Super Bowl champ Green Bay Packers stock sales brisk
Fans of the Super Bowl champion Green Bay Packers snapped up shares in the opening minutes of the team's public stock sale on Tuesday, slowing the website under demand for an ownership that conveys mainly bragging rights.
The offering, the fifth in the 92-year history of the team, gives fans the opportunity to own a piece of the defending champions, undefeated through 12 games this season, but is unlike traditional U.S. common stocks.
First and foremost it is a way for them to support and help the team and it does give them significant bragging rights, Packers President and CEO Mark Murphy told reporters. They can say they are owners of a Super Bowl champion team.
The Packers launched the offering to reduce the borrowing needed for a $143 million expansion of its iconic Lambeau Field in Green Bay, which is the smallest U.S. city that has a major professional sports franchise.

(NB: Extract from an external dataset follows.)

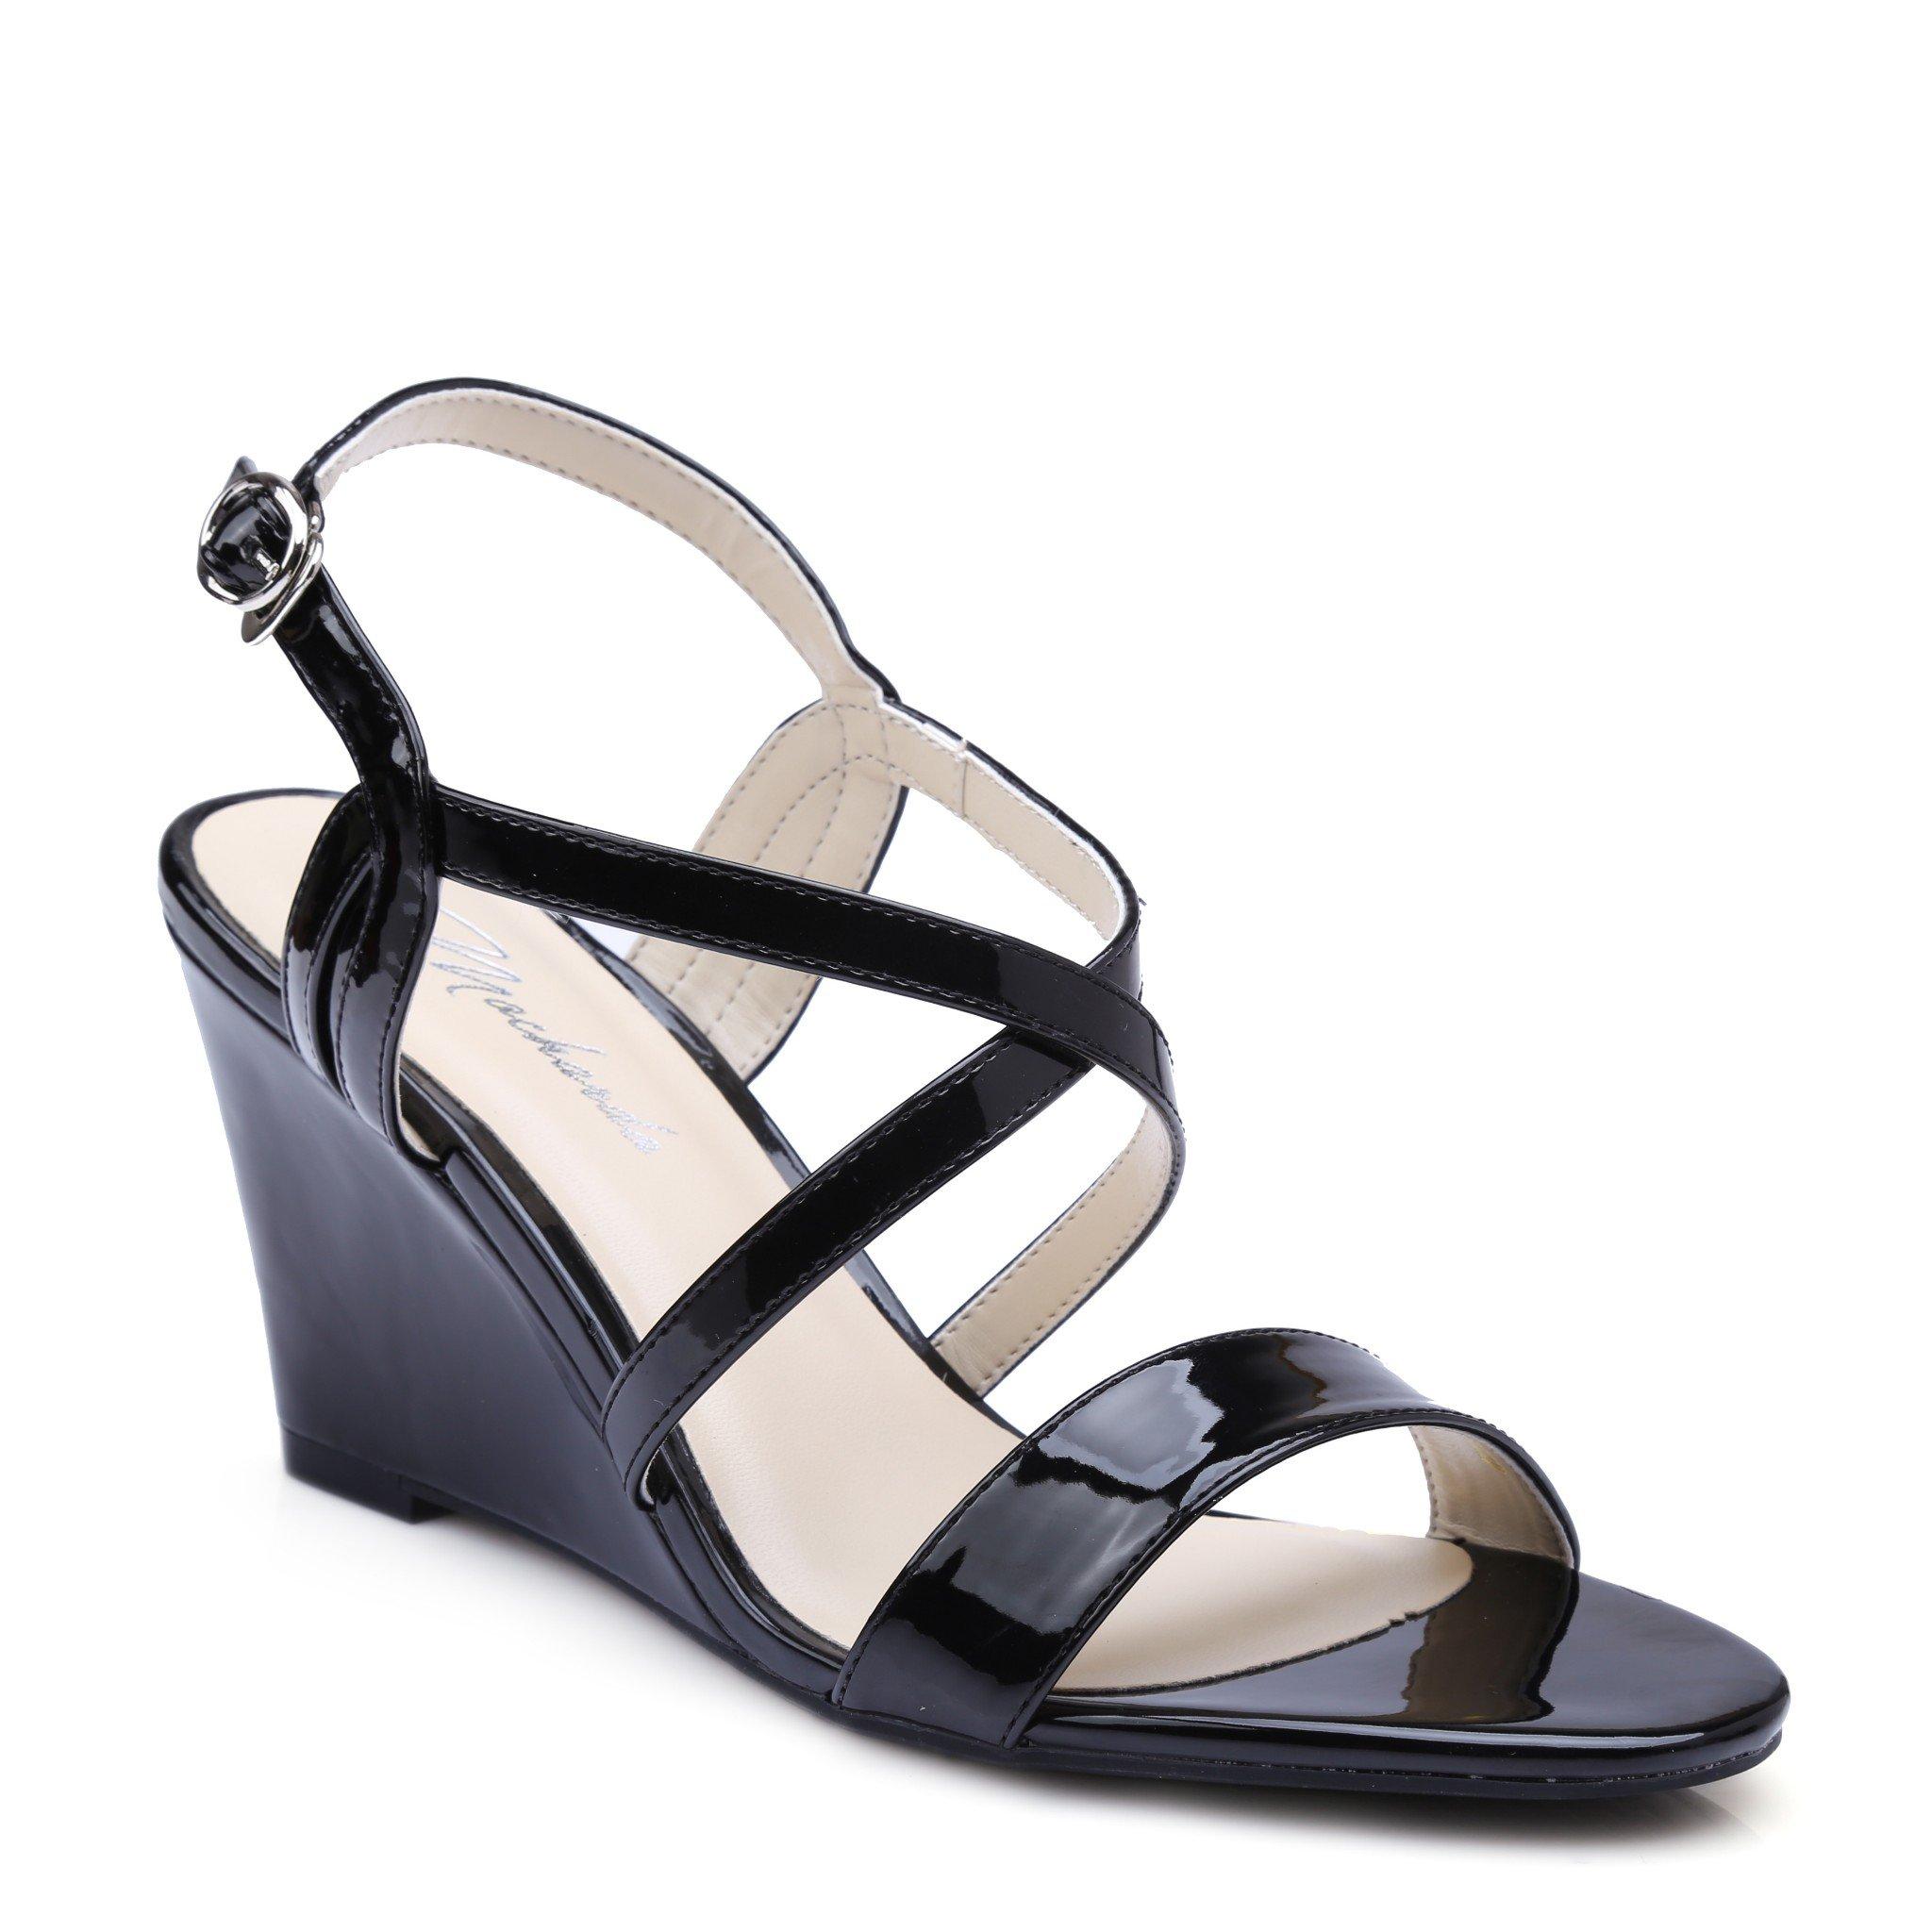 Sandal Xuong DP38 Den
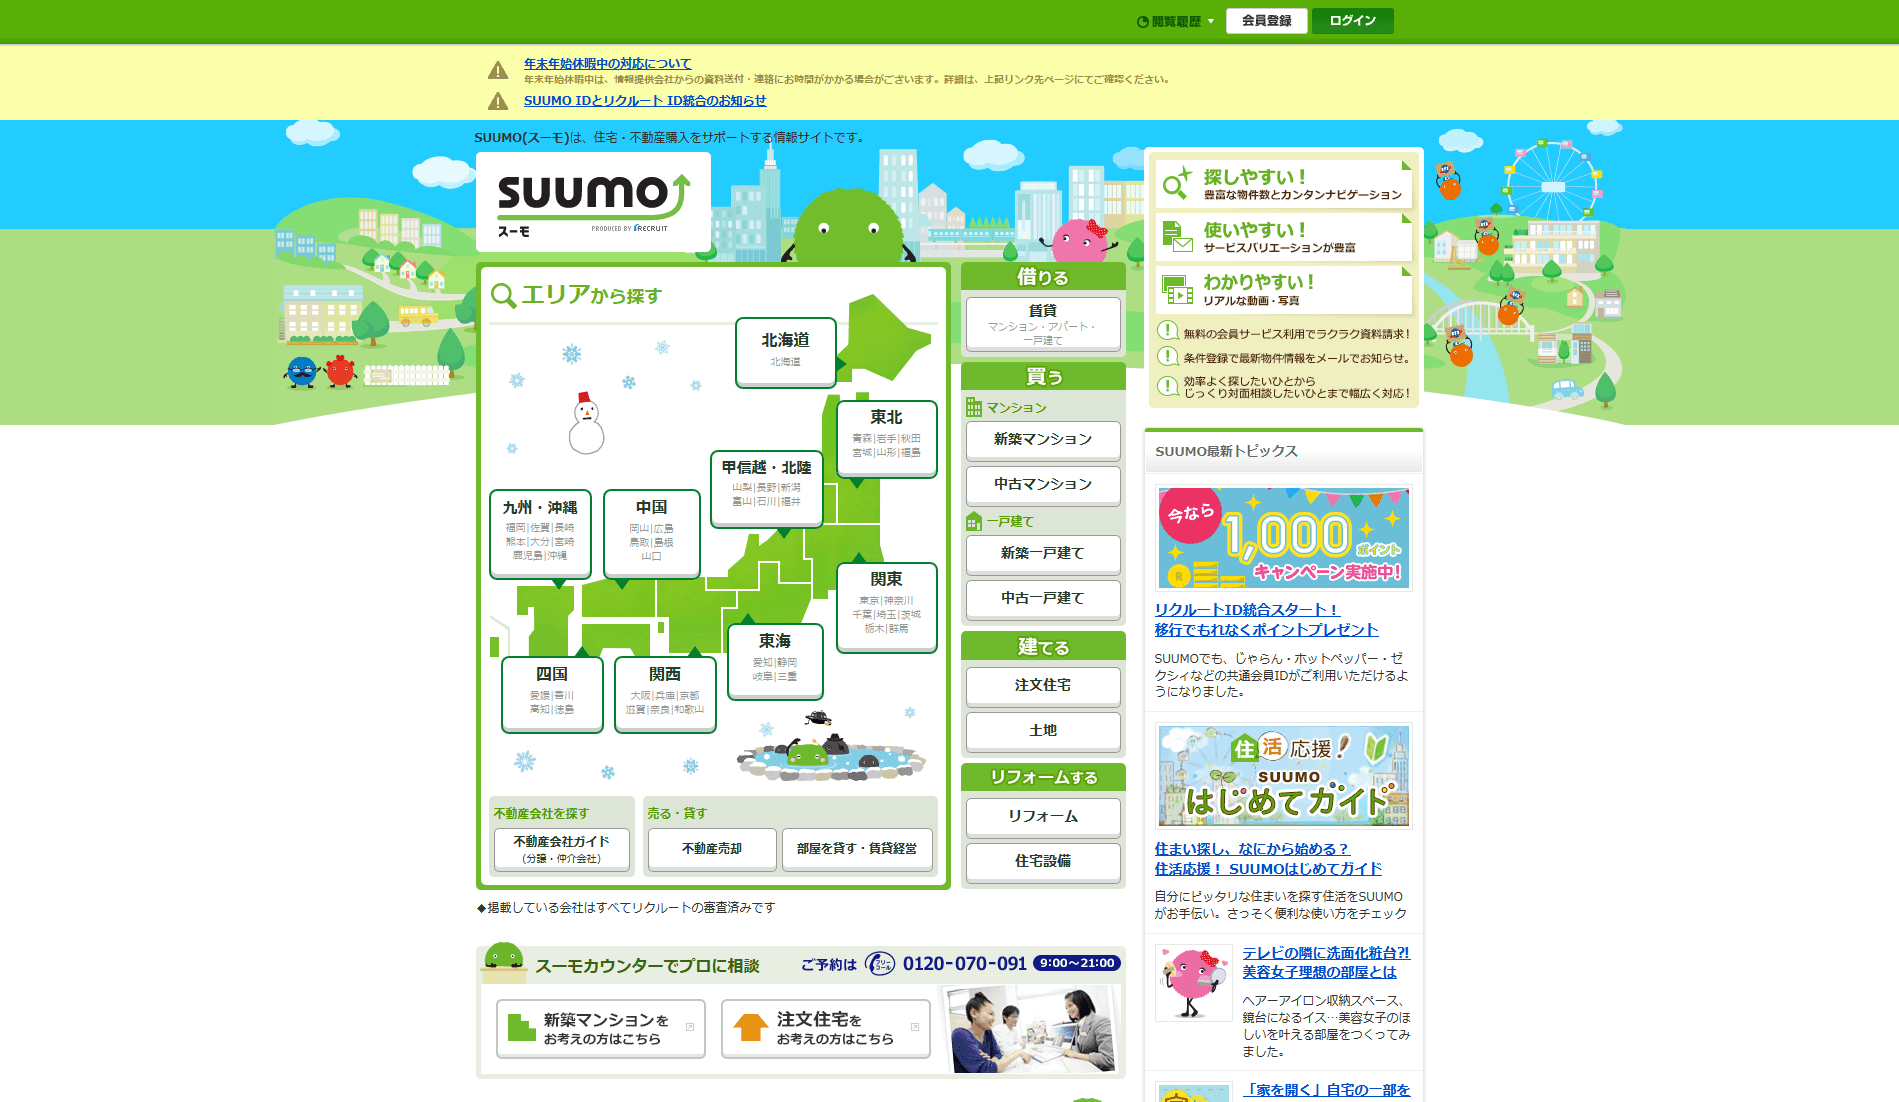 【SUUMO】 不動産売買・住宅購入・賃貸情報ならリクルートの不動産ポータルサイト

The Packers are the only publicly-owned major professional sports team in the United States, an ownership structure that helps keep the National Football League team tethered to Green Bay, a city of about 104,000 in northeast Wisconsin.
Before the offering the team had about 112,00 stockholders with a total of 4.75 million shares. The majority of owners live in Wisconsin, though there are stockholders in all 50 U.S. states.
Ownership in the Packers confers voting rights, but the shares offer no dividend, no chance for appreciation, practically no transfer rights and not even a shot at a highly prized season ticket.
The team is offering 250,000 shares at $250 each. If all the shares were sold the offering would raise $62.5 million toward an expansion of Lambeau Field announced last summer.
The team has lined up debt financing for the entire $143 million expansion, but is using the stock offering and other sources of funding to reduce the borrowing.
The team has penciled in very conservative net proceeds of $22 million from the stock sale and could raise $13.4 million from user fees on the 6,700 seats being added to the stadium if it charges a fee similar to the last expansion.
The team also expects the NFL stadium funding program to provide some support for the project.
The stock offering continues through February 29 of 2012, a leap day. Packers players are known for jumping into the crowd at the back of the end zone after scoring touchdowns in what has come to be known as the Lambeau leap.
The team bylaws and NFL rules severely restrict transfers of the stock. The shares may only be transferred to heirs, relatives, or back to the team at a severe discount.
Stockholders may buy special Green Bay apparel, including Super Bowl champion offerings, and attend the annual meeting held at Lambeau Field on the eve of training camp each year.
Team ownership does not grant season-ticket holder privileges, but the expansion to nearly 80,000 seats is expected to make a dent in the waiting list, Murphy said.
In good years or bad, the Packers season-ticket base has been extremely strong. The team has been sold out on season tickets since 1960.
Fans who received the right to buy tickets this year had been on the waiting list for 35 years. Of course, the list was less than 10,000 names long when they joined it.
The team offers no estimate of how long it will take for people joining the list today to reach the top. The list is now at 93,000 names and perhaps 70 to 90 people reach season ticket status each year.
The waiting list had averaged about 83,000 names for many years and then jumped by about 10,000 as the expansion plan circulated, Murphy said.
The offering is open to individuals, including spouses in joint tenancy, in the United States, Guam, Puerto Rico and the U.S. Virgin Islands.
Participants are barred from acquiring more than 200 shares from the current offering combined with the previous stock offering in 1997. The team also had stock offerings in 1923, 1935 and 1950.